In 1971, scientists started an experiment. They took 5 male lizards and 5 female lizards of the species _Podarcis sicula_ from a tiny Adriatic island called Pod Kopiste, 0.09km2, and they placed them on an even tinier island, Pod Mrcaru, 0.03km2, which was also inhabited by another lizard species, _Podarcis melisellensis_. Then a war broke out, the Croatian War of Independence, which went on and on and meant the little islands were completely neglected for 36 years, and nature took its course. When scientists finally returned to the island and looked around, they discovered that something very interesting had happened.


----------



## Retic (May 15, 2008)

Interesting stuff, I thought evolution was just a crazy rumour


----------



## Kirby (May 15, 2008)

i wonder if this is purely adaption over evolution. did the original species never ever have the capability to section off for digestion, even tho they were ALWAYS omnivorous.. they seem to be simply adapting to the diet, and their body, skull etc. is changing due to dietary change. 

although the shorter legs etc. has me puddled. perhaps underuse.. they no longer need to chase down food, so they aren't acting fast. 

i'd say the first time an introduced species has done well..


----------



## Veredus (May 15, 2008)

boa said:


> Interesting stuff, I thought evolution was just a crazy rumour


It is, don 't you realise that this was all God's divine will. He needed Lizards with cecal valves for the apocalypse!
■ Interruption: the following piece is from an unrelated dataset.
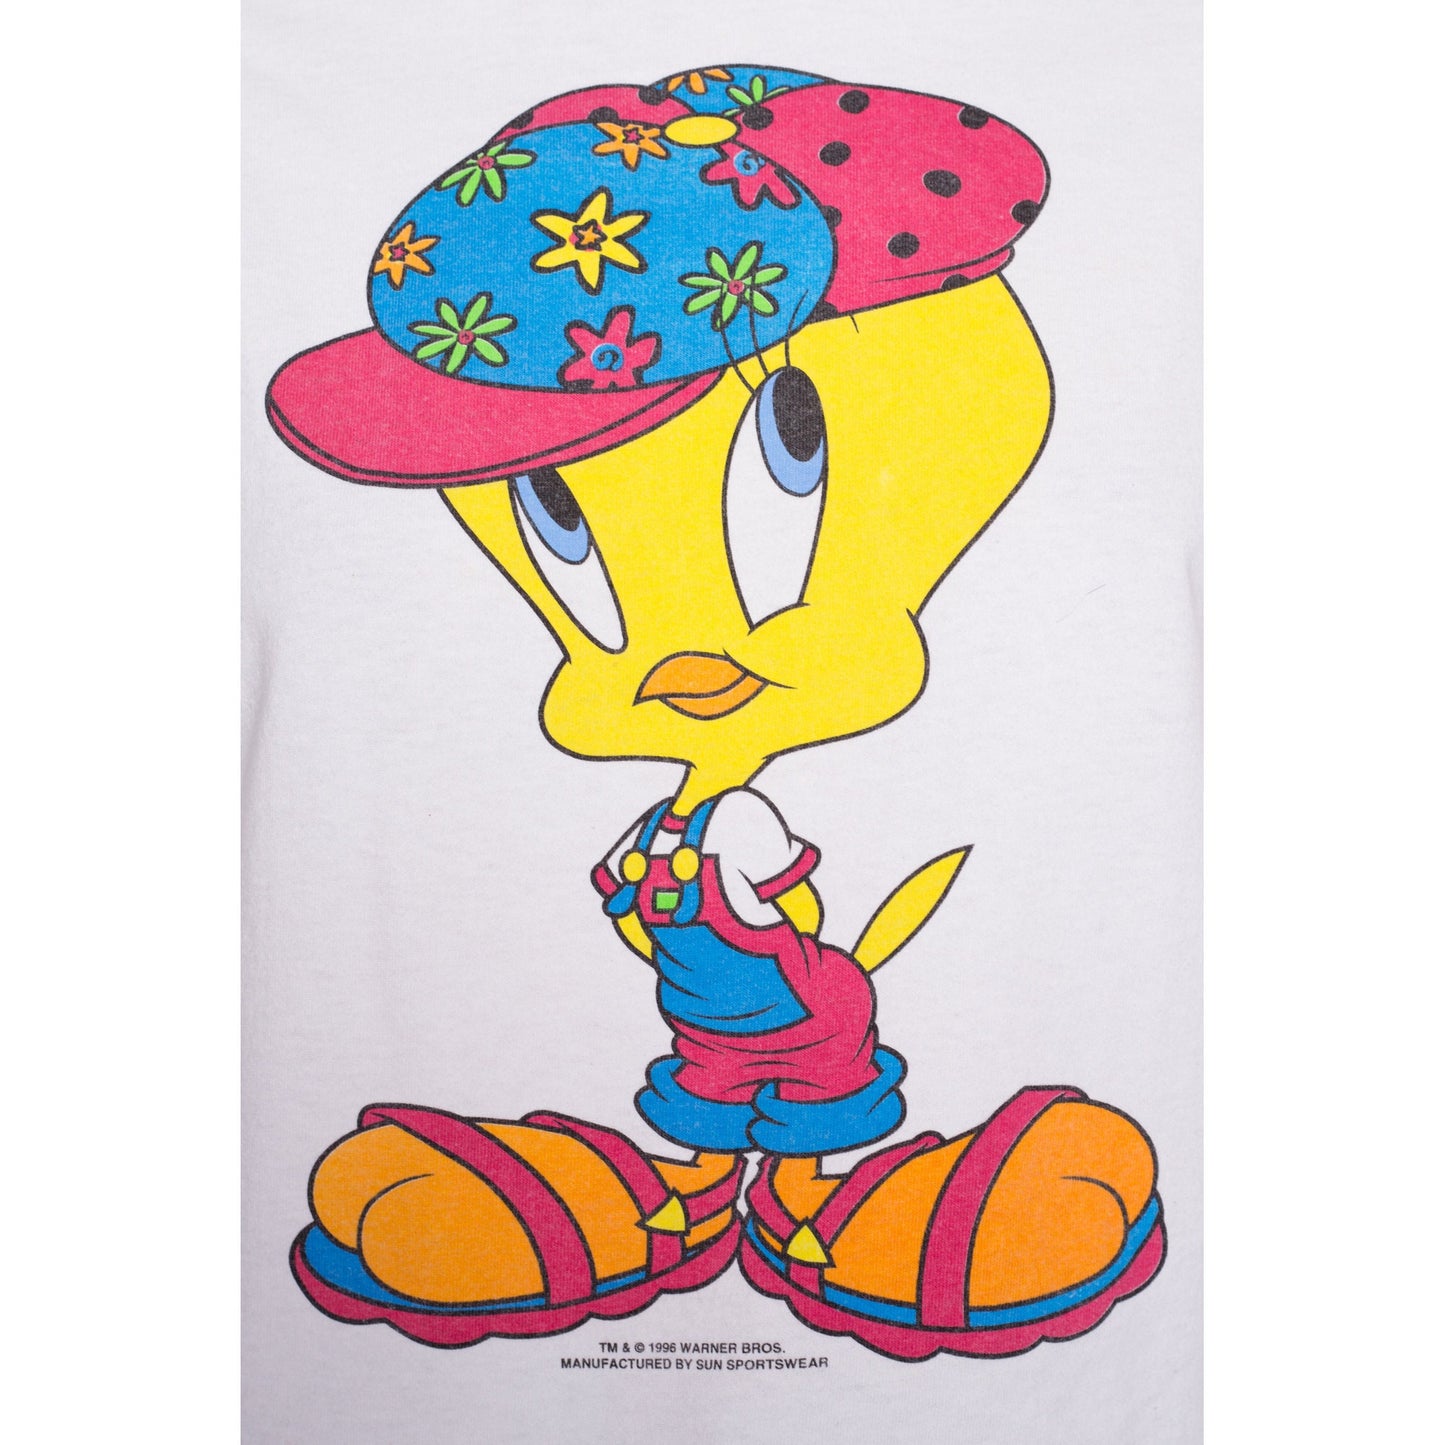 90s Tweety Bird Long Sleeve Tee - XS to Small | Vintage Looney Tunes Heart Graphic Cartoon Ringer Top
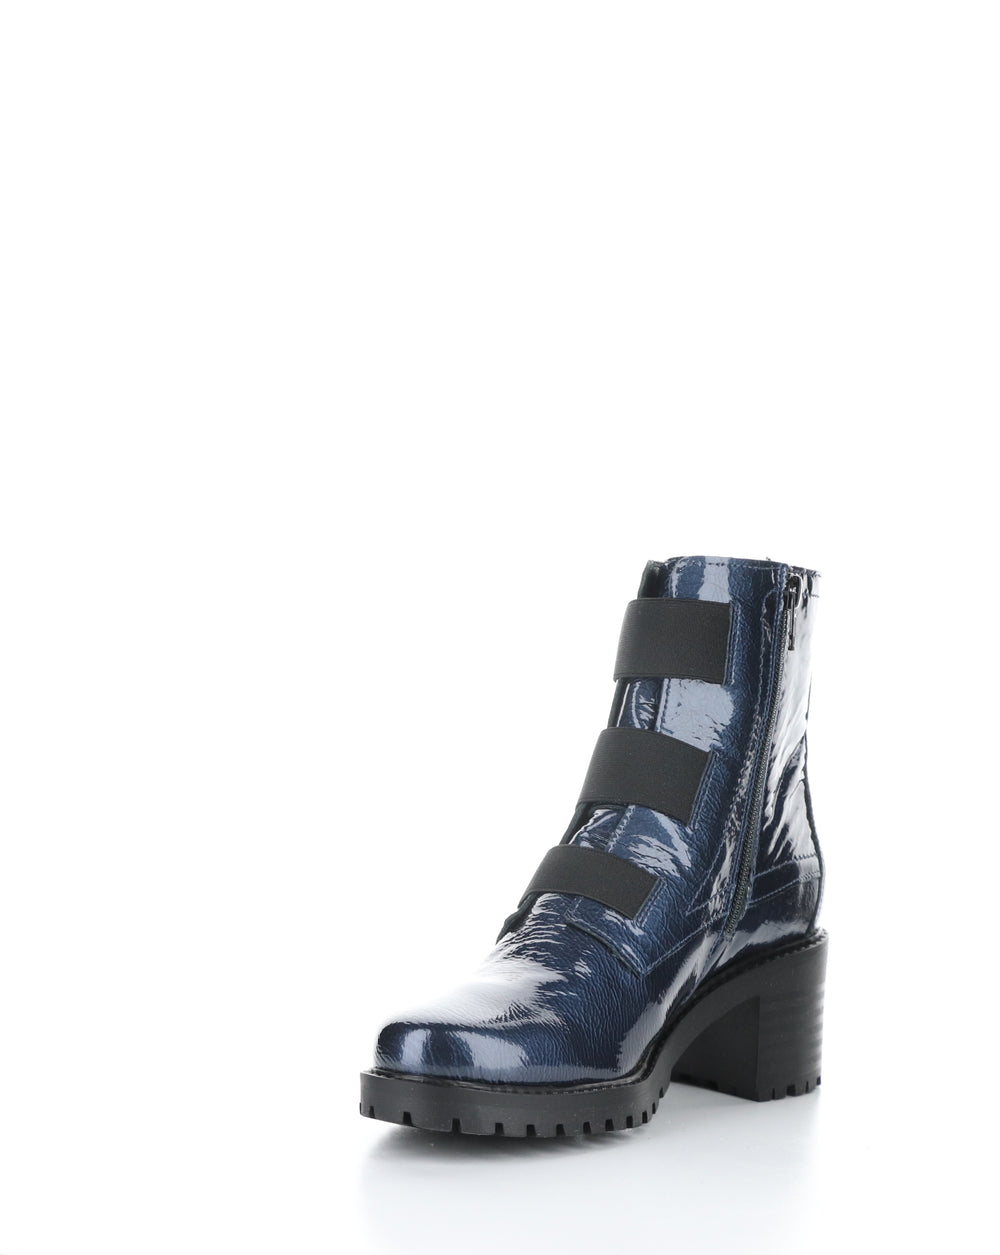 INDIE BLUE/BLACK Elasticated Boots

On a serious not though, very interesting article, its a shame that one of the lizard species became extinct on the island, I wonder if other populations exist. I personally cannot fathom any reason as to why certain people still strongly deny evolution when so much evidence to support it exists in the world around them. Evolution does not disprove the existence of a God, rather it damages the credibility of a book written a few thousand years ago which surely must be outdated by now with all the knowledge with have aqcuired....


----------



## Chimera (May 15, 2008)

Kirby said:


> i wonder if this is purely adaption over evolution. did the original species never ever have the capability to section off for digestion, even tho they were ALWAYS omnivorous..



No they didn't, the article stated that the cecal valves don't exist in the ancestral population and are an adaptation to a diet that has a higher percentage of vegetable matter (34-61% as opposed to 4-7%).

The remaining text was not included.